Design and characterization of a fully integrated InP continuous variable quantum key distribution transmitter with radiofrequency antenna
UNIVERSAL IDENTIFIER: http://hdl.handle.net/11093/3655
DOCUMENT TYPE: doctoralThesis
Current advances in quantum computers and quantum decryption algorithms make possible something unimaginable: the decryption and subsequent obtaining of the encryption key in a reasonable amount of time from previously encrypted messages. For a conventional computer it becomes a brute force attack taking hundreds of years, however for a quantum computer is an inmmediate task. For this reason the useful life of the encryption keys is drastically reduced and their renewal and transmission in a safe and reliable way is necessary. The main movation of the present Ph.D. Thesis was the emerging interest by the quantum key distribution in cryptography. To this aim, the design and manufacturing of a CV-QKD transmitter was carried out in InP technology.

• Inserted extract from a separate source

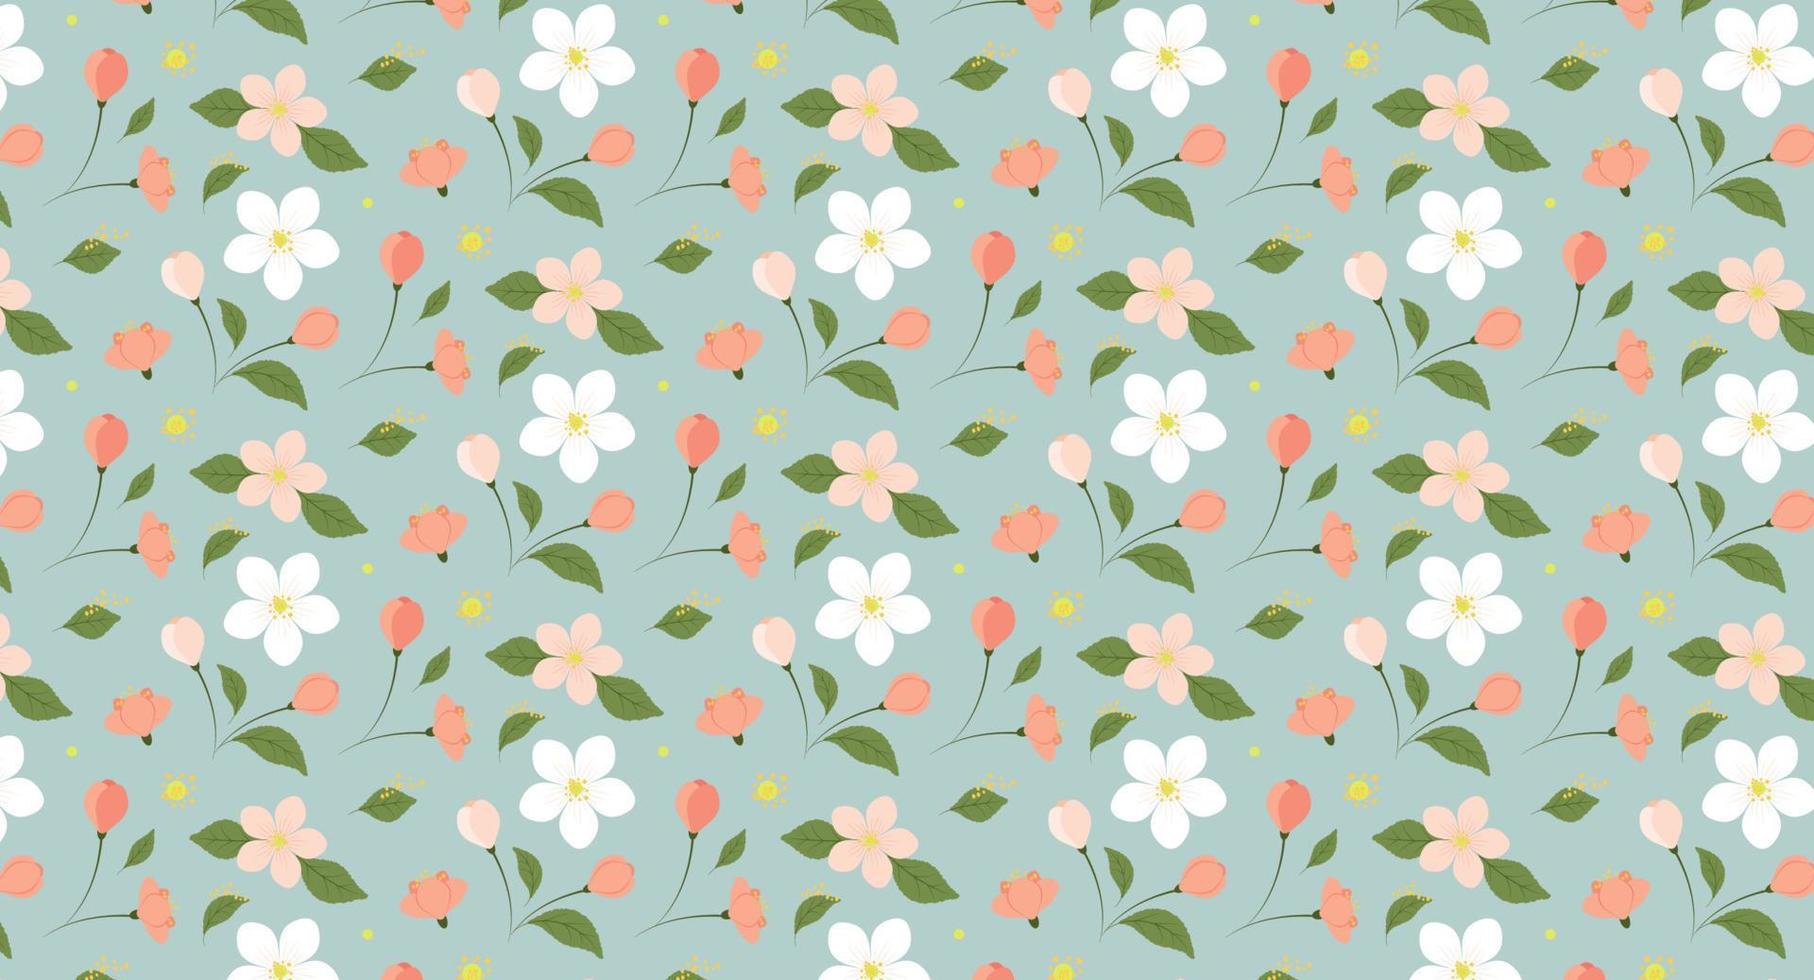 Seamless pattern with apple blossom flowers and leaves on a gray-blue background. vector

For the development of the work, the in-house implemented measurement setup has been critical for the experimental characterization of the transmitter functional modules. This Thesis provides a viable and low-cost quantum key transmission solution through a continuous variable quantum transmitter. The choice of the technology used makes it possible to facilitate a high integration of all the devices within the same chip and increase its modulation rate through the use of current injection modulators, so that it is not required to use external lasers or other elements of large dimensions. In turn, by using continuous variable, the use of costly cryogenic and adaptation systems is not necessary to guarantee the correct operation of single-photon optical sources. Being a quantum states key encoded transmitter, a secure transmission of the key along the channel is guaranteed, allowing detection if there is an interception of the key during its transmission along the channel. Among other milestones, having provided the transmitter with independent optical and radiofrequency outputs has expanded the possibilities of using the device. The design of on-chip and off-chip antennas carried out for different frequency bands has completed the achievements of this Thesis.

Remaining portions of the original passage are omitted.